Triumph Motorcycles grabbed the territory with a name that says it all. Who can compete with a word meaning victory, success, accomplishment, and achievement? The original company began manufacturing bicycles in1889. Such was the quality it had a second factory in Germany within seven years. The first Triumph motorcycles appeared two years later, and so a legend was born, one of the few that has stood the test of time.
The ‘Trusty Triumph’ Builds Triumph Motorcycles Success
Triumph quality impressed the British government in World War 1 to the extent it purchased 30,000 motorcycles, a huge order for the time. British, Australian, and Canadian dispatch riders called them ‘Trusty Triumphs’ because they got them through the mud and shell holes. When the war was over guess which motorcycle they wanted.
Triumph Motorcycles Races Forward from Strength to Strength
By 1928, the company owned a huge manufacturing plant from where trainloads of Triumph motorcycles and motorcars left daily for local and export markets. In 1936, it released a motorcycle model that left the competition gasping.
The 500 Triumph Speed Twin engine was the corner stone of the Tiger 500’s and Bonneville’s that kept selling through to the 1980’s. The Speed Twin was the powerful, modern motorcycle every man and boy dreamed of owning.
When World War 2 was over Triumph Motorcycles had two proven machines, the Tiger 100 and the 500cc Speed Twin. After customers started winning races Triumph rushed the iconic 498cc TR5 Trophy Twin through development, and won the prestigious 1948 International Six Days Trial on a prototype.
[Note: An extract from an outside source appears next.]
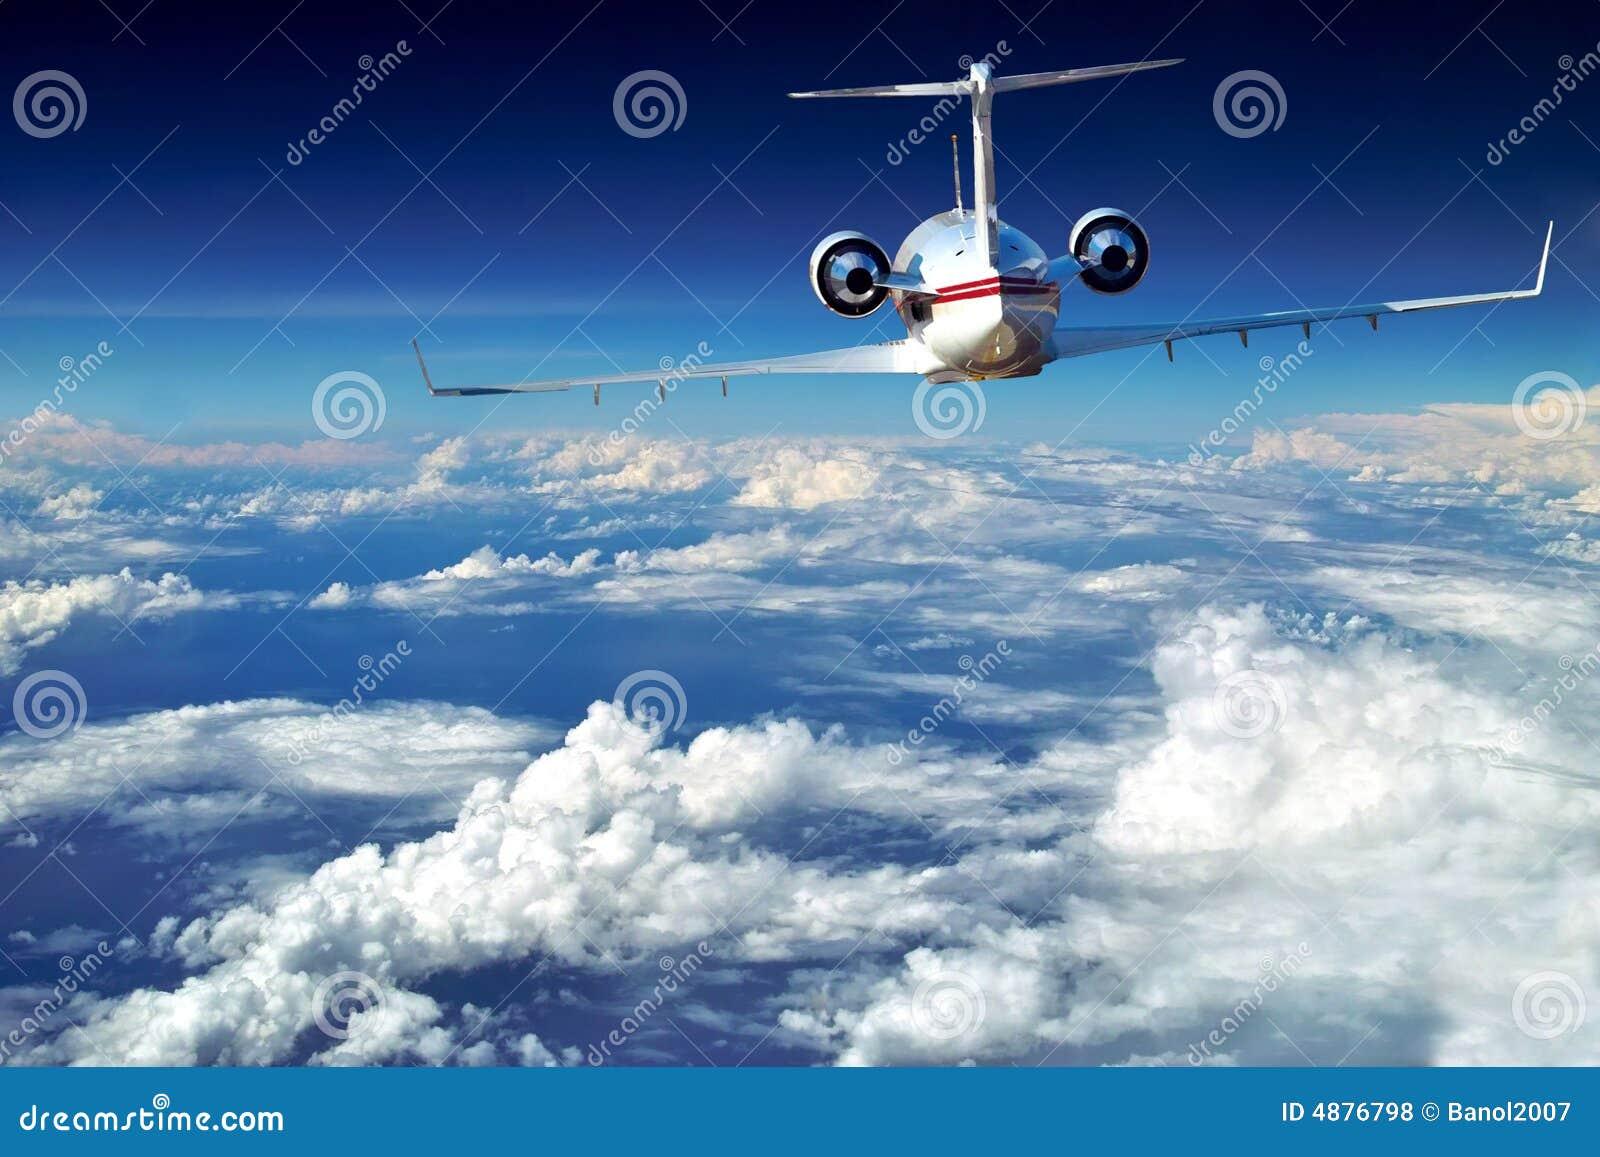 Het vliegtuig van de luxe is boven mooie wolken.
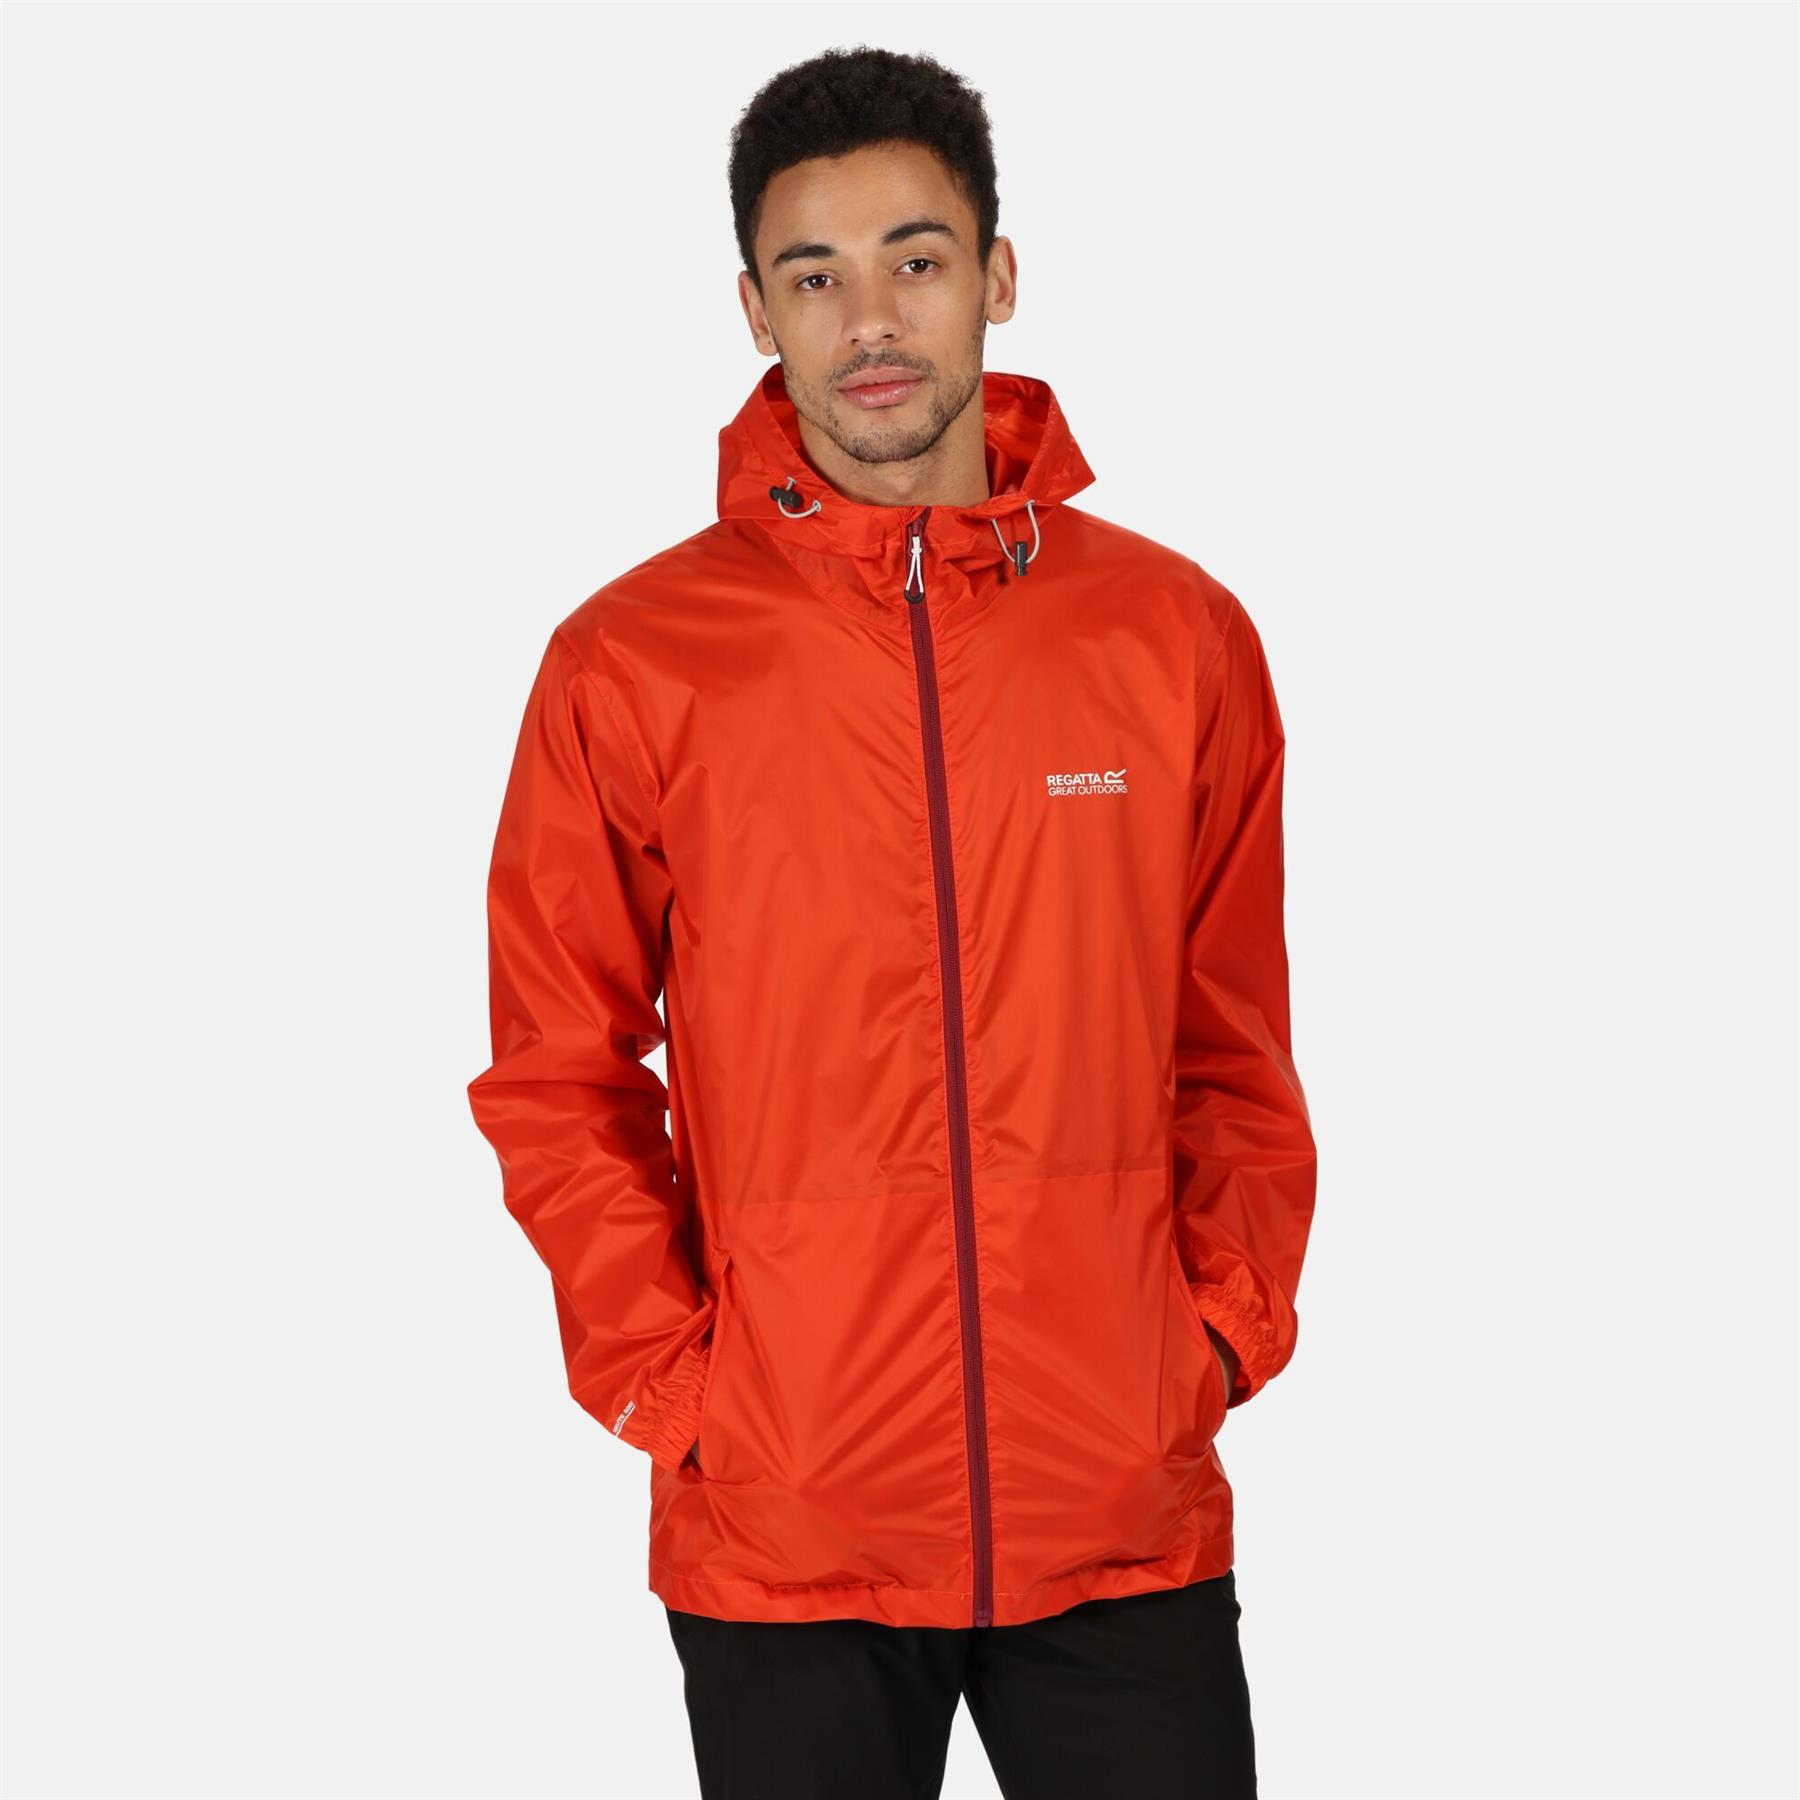 miniatuur 16 - Regatta Mens Pack-it In a bag Packable Waterproof Jacket Outdoor Pack a mac

Yet Another Triumph: The World Speed Record Holder for 35 Years
The 650cc Thunderbird was Triumph Motorcycles gift to the American market, and became incredibly popular after Marlon Brando rode one in the movie The Wild One. This cemented its reputation as a well-mannered beast for rebels with causes. That cause was motorcycling. Me and my Triumph, and my girl on the pillion were all they wanted!
The Middle Period: Triumph Motorcycles Loses Its Way
After winning the 1969 Isle of Man TT Race with a lap speed record, the company faltered in the face of labour unrest, and engineering conservatism as its motorcycle sales plummetted. The 1939 engine was no match for Japanese designs pouring in. The modern rider wanted instant high-revving power, and, horror of horrors an electric self-starter. In 1983, bankrupt of ideas and out of money the proud marque folded, some said never to return, but it did.
Triumph Comes Back to Motorcycling
A British motorcycling visionary, John Bloor, purchased the Triumph name and manufacturing rights, and began quietly developing a new range of machines with the old name as marketing magnet. After several setbacks its motorcycle sales exceeded 37,000 in 2006. In 2011, it launched the Tiger Explorer, Speed Triple R and the Steve McQueen Special.
It had beaten its competition in a stalling market. When the media asked motor cyclists why they bought the latest models, the answer was simple ‘because it’s a Triumph’. Triumph motorcycles have a soul. When you own one, you own a legend.